What the task asks ▸ Could you please output all of the data exactly, without the images?
[Opening Dataset content section]
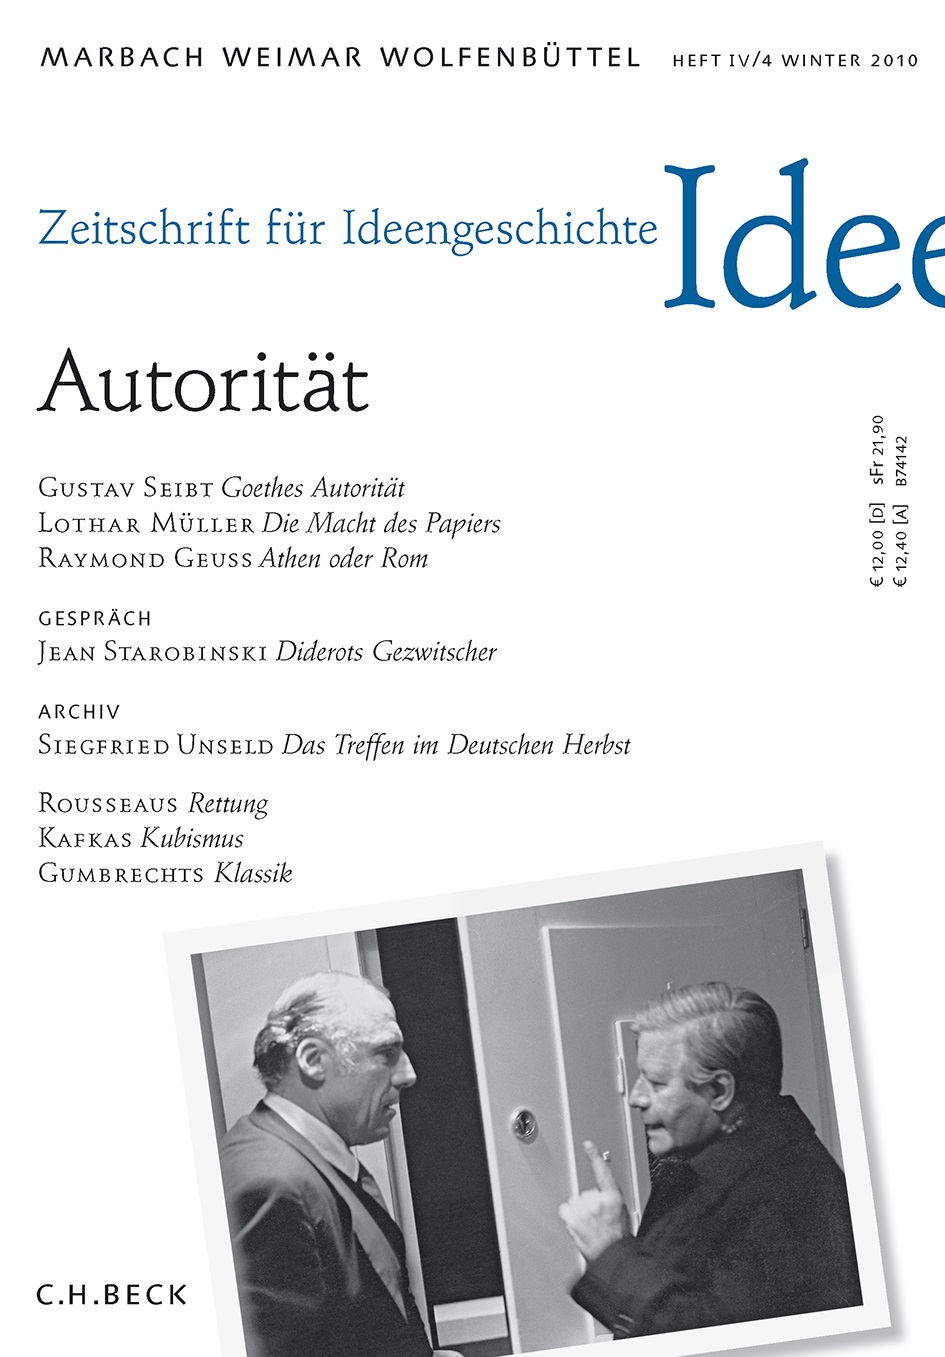 cover of Heft IV/4 Winter 2010
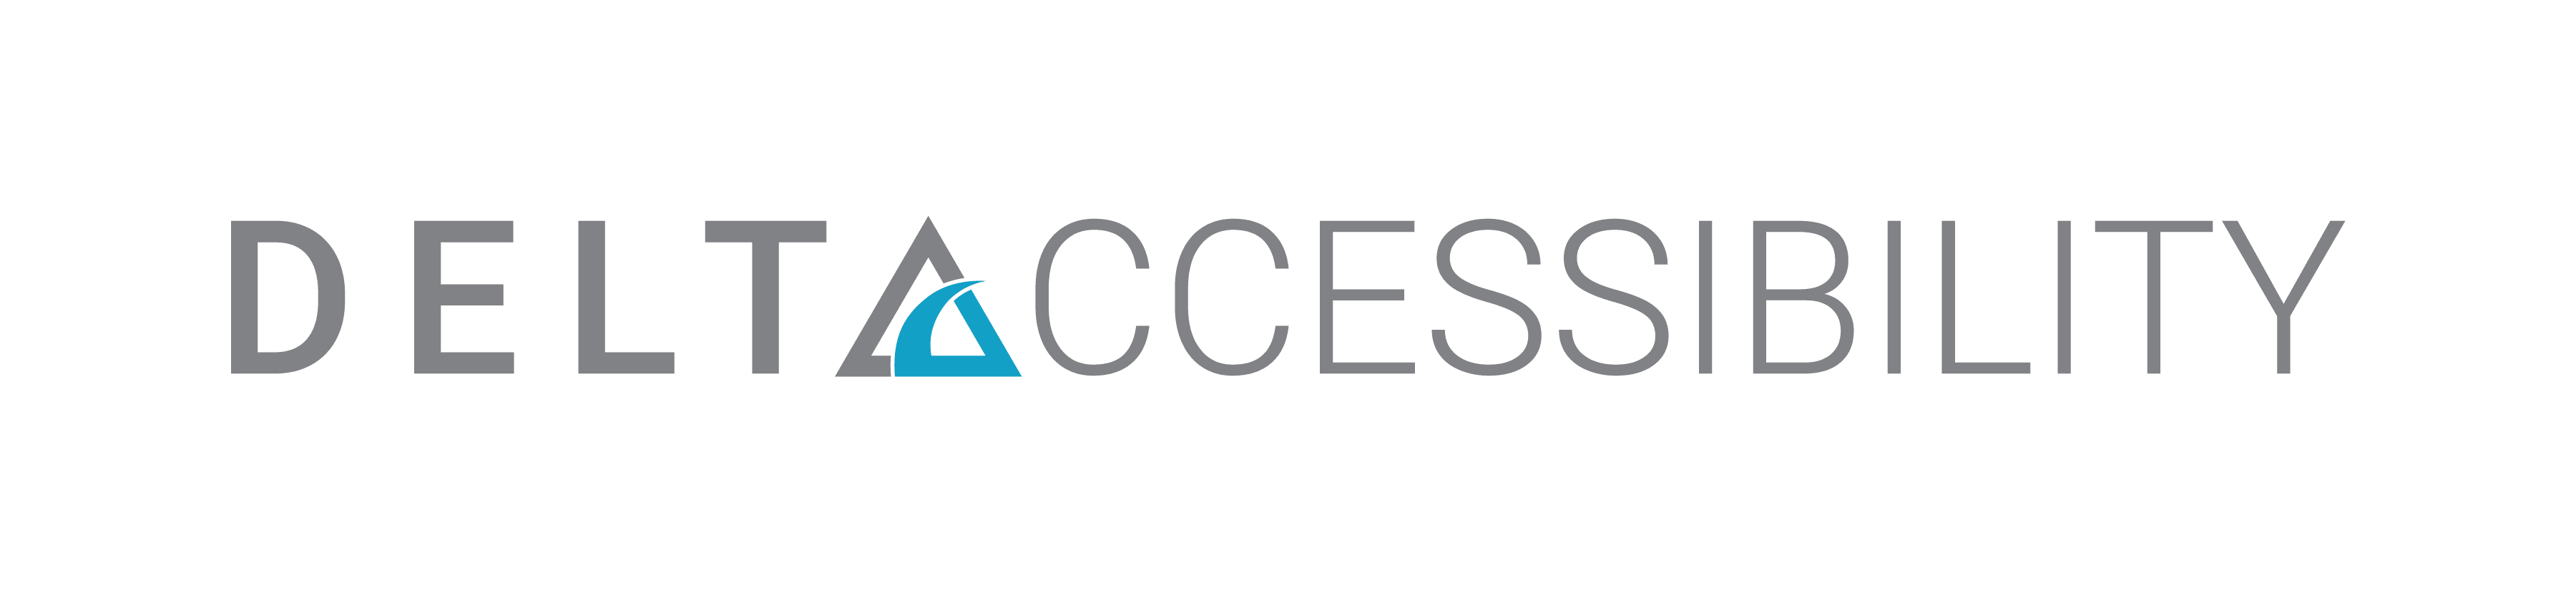 Delta Accessibility
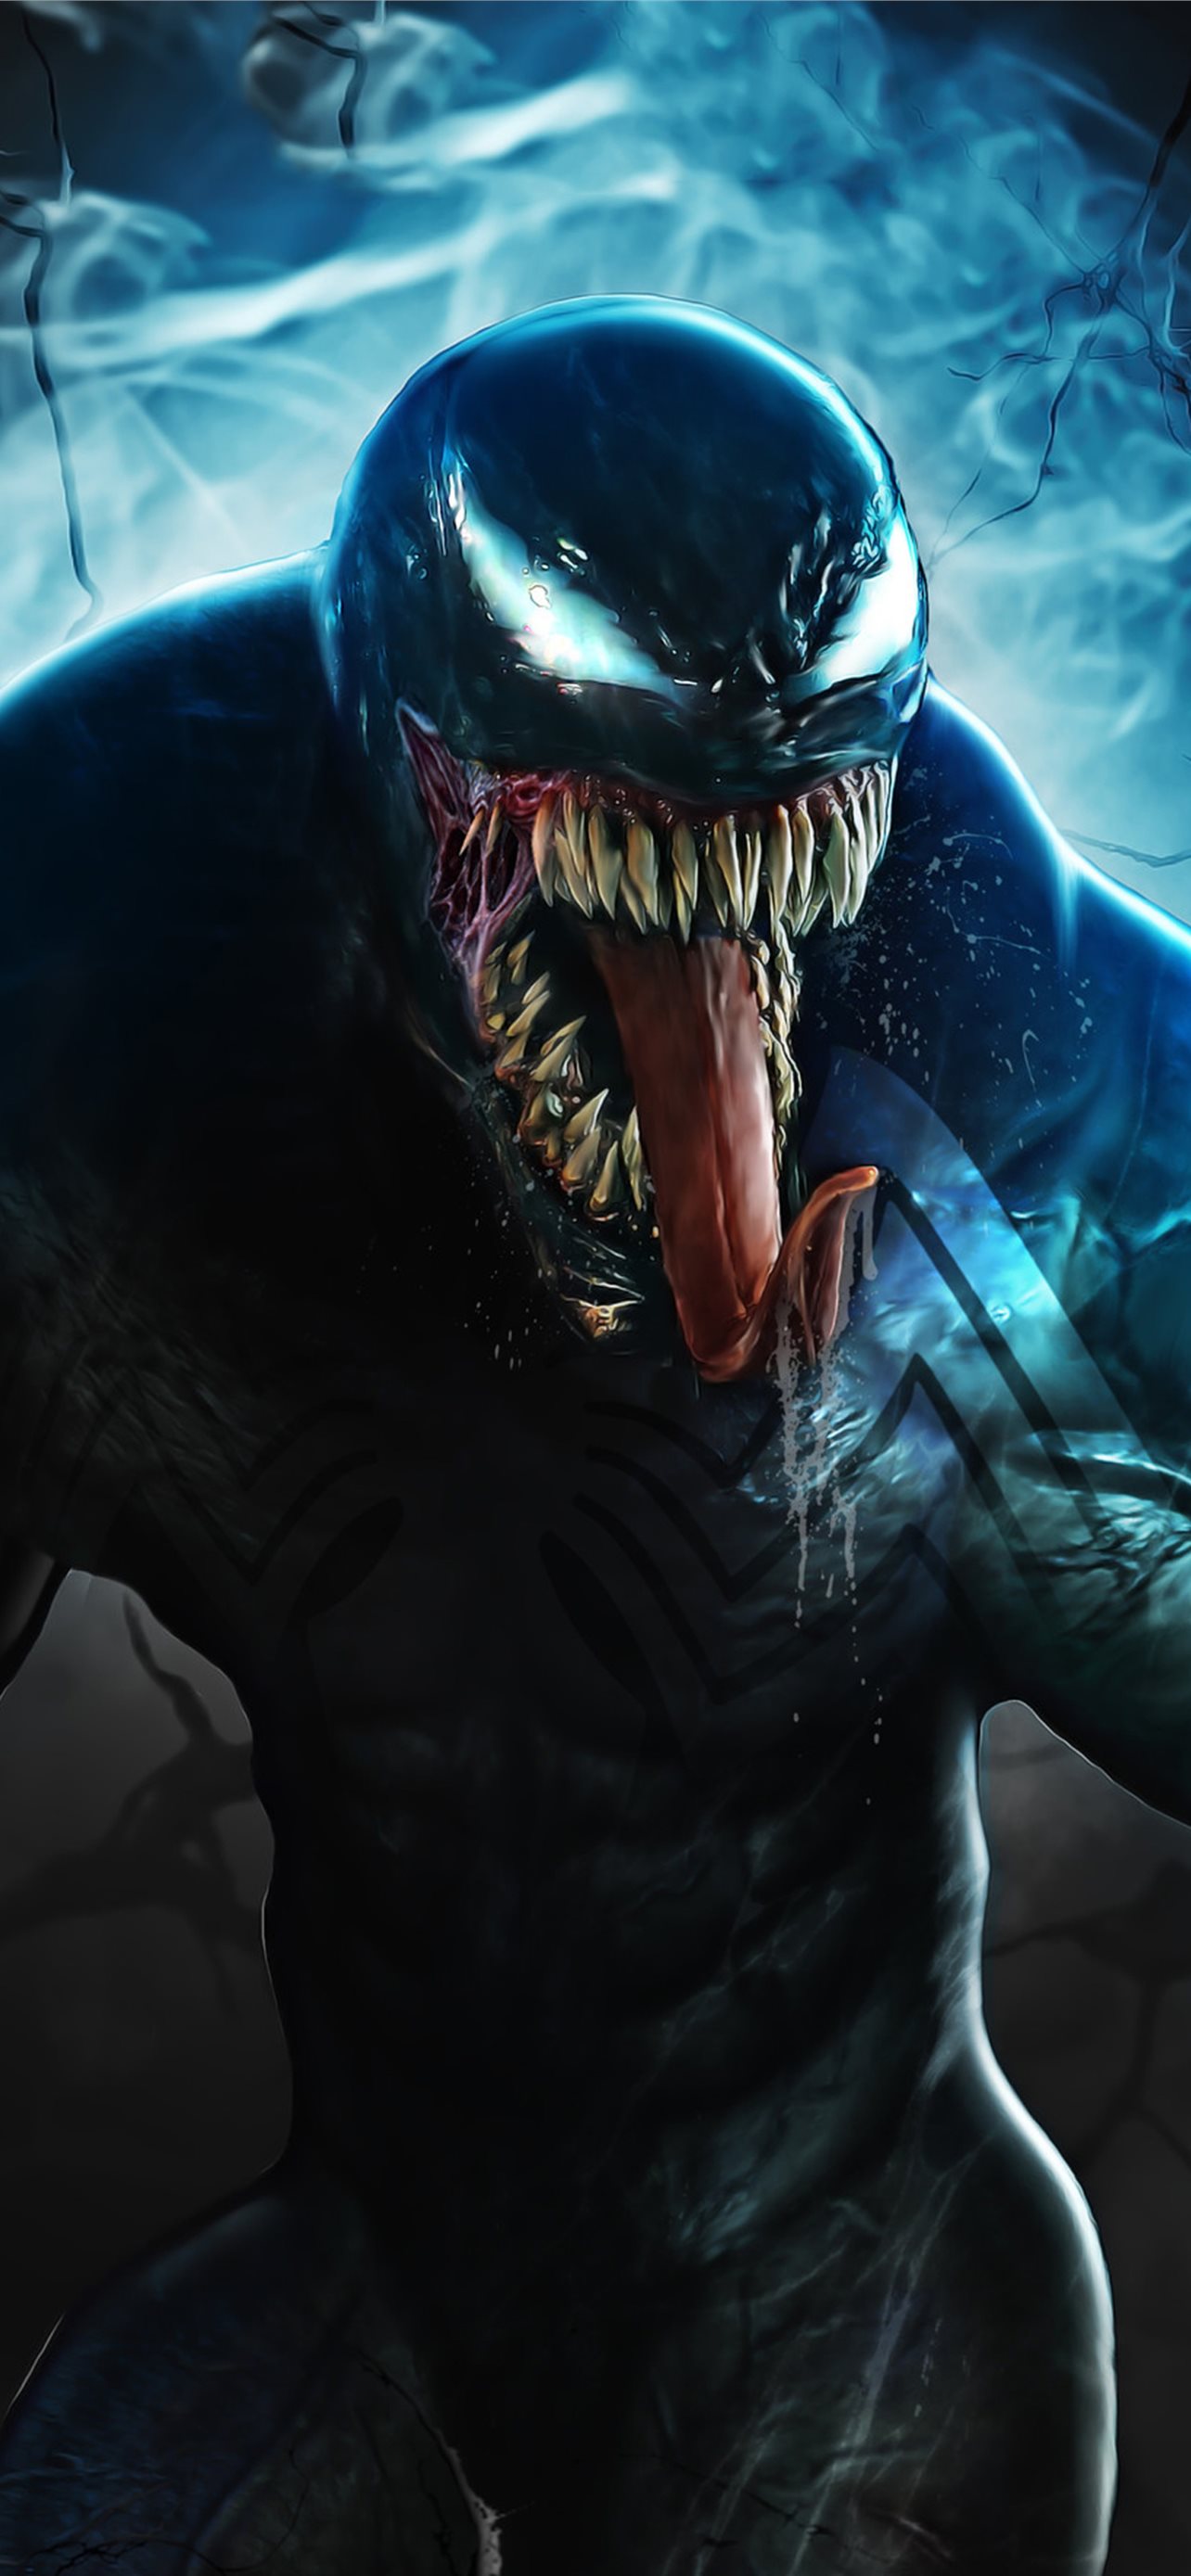 Venom Movie Fan Art Sony Xperia X XZ Z5 Premium HD... iPhone Wallpapers  Free Download
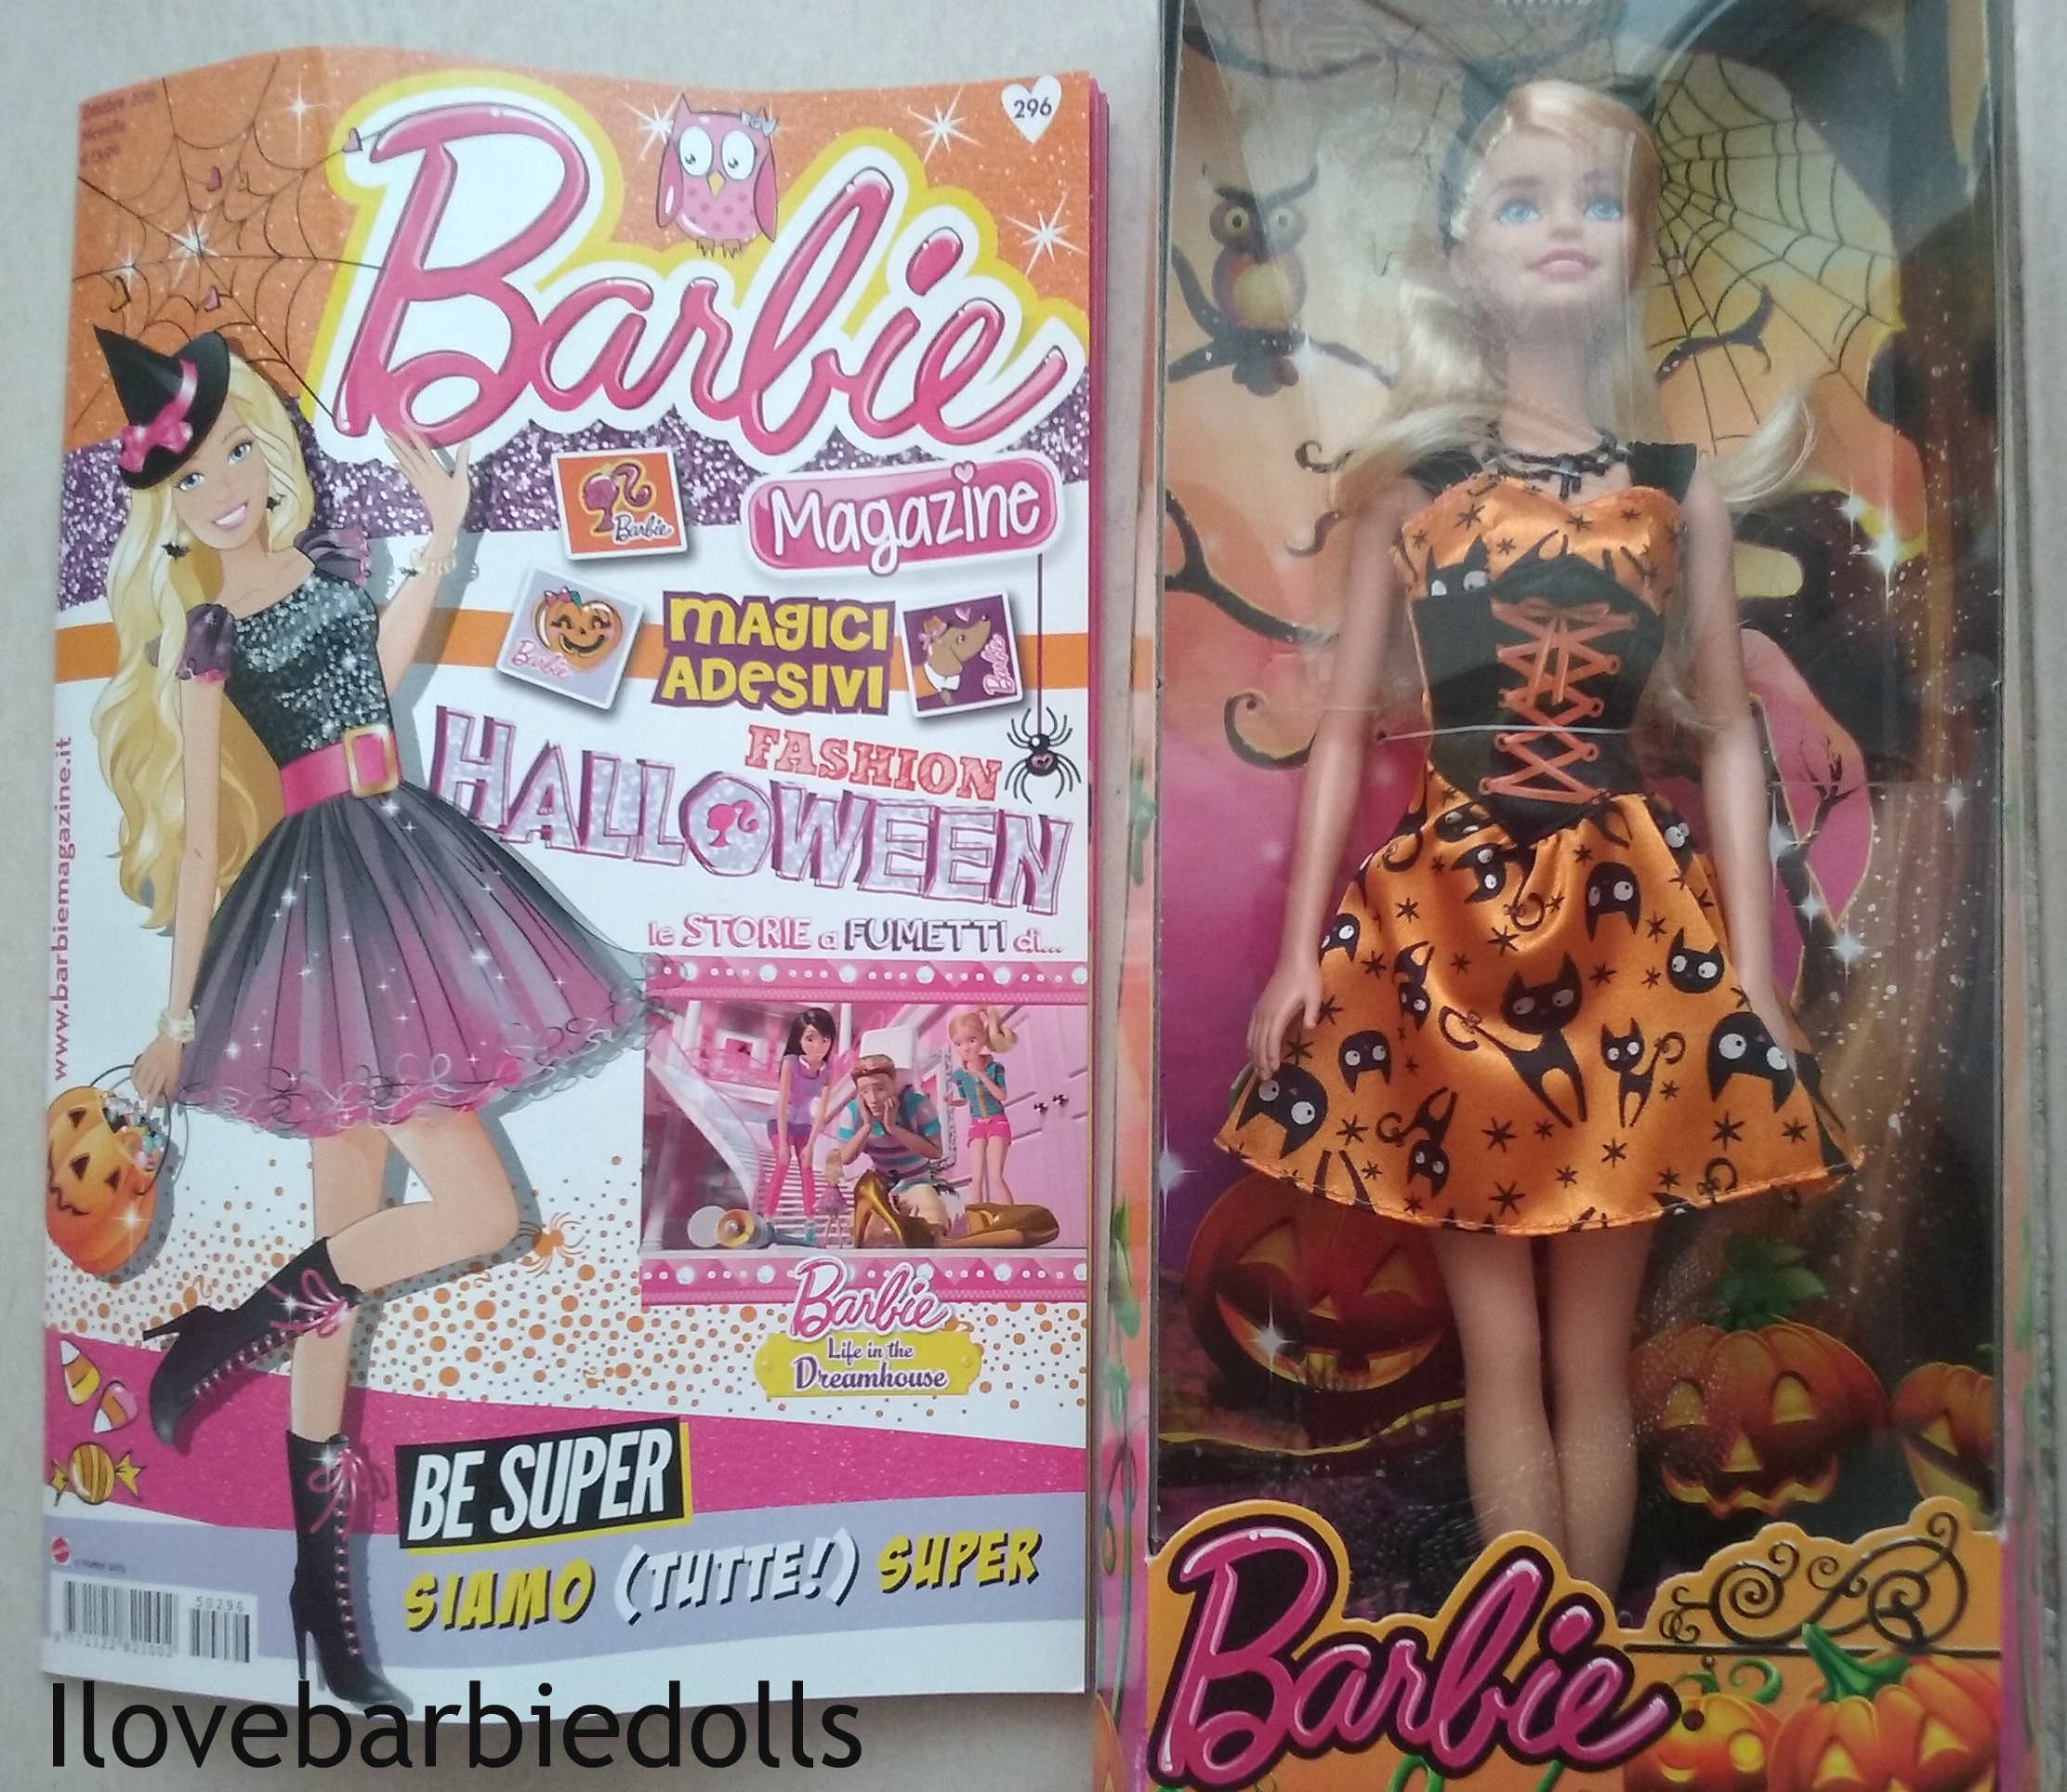 barbie halloween edicola
[Closing Dataset content section]
Your solution ▸
 cover of Heft IV/4 Winter 2010
 Delta Accessibility
 Venom Movie Fan Art Sony Xperia X XZ Z5 Premium HD... iPhone Wallpapers  Free Download
 barbie halloween edicola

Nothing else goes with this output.